Смерть – лишь сон. Врач хосписа о поиске надежды и смысла жизни на пороге смерти - страница 12

Шрифт
Интервал


Мэри – 70-летняя художница, мать четверых детей и одна из моих первых пациенток в хосписе Буффало. Однажды я вошел в палату, когда там собралась вся ее «банда», как она ее называла. Родственники стояли вокруг кровати и распивали бутылку вина. Это были скромные семейные посиделки, и Мэри, казалось, наслаждалась обществом своих потомков, хотя то приходила в себя, то вновь куда-то уплывала. Вдруг произошло нечто странное. Ни с того ни с сего Мэри начала прижимать к себе младенца, видеть которого могла только она. Она сидела на больничной койке, будто потеряв связь с действительностью и проигрывая сцену из спектакля: целовала воображаемого ребенка у себя на руках, что-то ворковала ему, гладила по головке и называла его Дэнни. Еще более поразительно то, что этот непостижимый акт материнства, казалось, привел ее в состояние блаженства. Ее дети в растерянности уставились на меня, наперебой произнося что-то вроде: «Что происходит? У нее галлюцинации? Это все из-за таблеток, да?»

Я хотя и не мог объяснить, что происходит и почему, но понял, что единственный выход на тот момент – воздержаться от какого-либо медицинского вмешательства. Пациентку не мучили боли и не было никаких видимых проблем, которые нужно было срочно решать. Передо мной сидел человек, испытывающий прилив незаметной, но осязаемой любви, выходящей за рамки моего врачебного понимания.

В случае с Томом никто иной, как медсестра Нэнси рассказала мне о его предсмертных снах и видениях. Я сам их не наблюдал и не мог подтвердить. В то же время у Мэри я наблюдал безусловное ощущение комфорта и легкости, с которыми она приближалась к концу своего жизненного пути. И я не мог это ни опровергнуть, ни объяснить. Я с трепетом наблюдал за ней, как и ее взрослые дети. Оправившись от первого шока, они стали испытывать самые разные эмоции, которые родились в том числе благодаря облегчению, испытанному при виде безмятежного состояния матери. Она не нуждалась в их вмешательстве, равно как и мне не было необходимости что-то делать или говорить, чтобы как-то изменить ход ее последних мгновений. Мэри подключилась к внутреннему ресурсу, о котором никто из нас не знал. Нас охватило безмерное чувство благодарности и умиротворения.

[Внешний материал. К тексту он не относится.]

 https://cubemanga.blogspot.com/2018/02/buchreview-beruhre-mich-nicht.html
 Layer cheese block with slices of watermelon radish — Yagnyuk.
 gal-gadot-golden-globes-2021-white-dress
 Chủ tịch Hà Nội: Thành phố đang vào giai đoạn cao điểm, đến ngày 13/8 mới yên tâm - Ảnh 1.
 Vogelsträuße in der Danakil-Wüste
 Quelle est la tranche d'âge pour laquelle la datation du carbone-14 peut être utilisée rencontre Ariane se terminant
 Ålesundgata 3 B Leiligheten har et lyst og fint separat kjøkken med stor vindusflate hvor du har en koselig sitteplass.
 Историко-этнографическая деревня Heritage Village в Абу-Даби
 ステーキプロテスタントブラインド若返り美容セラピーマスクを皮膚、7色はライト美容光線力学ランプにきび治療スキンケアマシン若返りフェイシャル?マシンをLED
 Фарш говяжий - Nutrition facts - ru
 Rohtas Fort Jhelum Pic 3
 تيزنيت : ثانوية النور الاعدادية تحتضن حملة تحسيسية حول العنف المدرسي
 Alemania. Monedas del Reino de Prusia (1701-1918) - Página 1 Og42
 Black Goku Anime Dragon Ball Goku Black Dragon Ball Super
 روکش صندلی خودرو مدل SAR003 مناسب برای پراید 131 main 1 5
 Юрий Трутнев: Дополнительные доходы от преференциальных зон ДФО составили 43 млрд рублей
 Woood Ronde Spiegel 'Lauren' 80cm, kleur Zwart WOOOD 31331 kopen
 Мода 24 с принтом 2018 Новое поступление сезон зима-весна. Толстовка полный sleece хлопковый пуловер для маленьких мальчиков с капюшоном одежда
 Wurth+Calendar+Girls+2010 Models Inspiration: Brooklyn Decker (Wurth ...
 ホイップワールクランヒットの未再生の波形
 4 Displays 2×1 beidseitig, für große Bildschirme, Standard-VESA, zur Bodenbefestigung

Сестра Мэри приехала на следующий день из другого города и сорвала покров с этой тайны. Задолго до появления на свет своих четверых детей Мэри родила мертворожденного ребенка, которого назвала Дэнни. Она была охвачена горем, но никогда не говорила об этом, поэтому никто из ее выживших отпрысков о Дэнни не знал. Но на пороге смерти те переживания вернулись к женщине, подарив ей тепло и любовь и тем самым, возможно, как-то компенсировав потерю. Перед смертью она пересмотрела свою прошлую травму, будто облаченную не в те одежды. Она достигла ощутимого уровня принятия и даже помолодела на глазах. Физические недуги Мэри были неизлечимы, но оказалось, что у нее имеются и душевные раны. Вскоре после этого примечательного эпизода Мэри ушла, но не раньше, чем превратила этот процесс в то, что я называю «мирным умиранием». В этом было что-то естественное, природное, сам процесс не только обладал терапевтическим эффектом, но и происходил независимо от тех, кто за ней ухаживал, в том числе врача.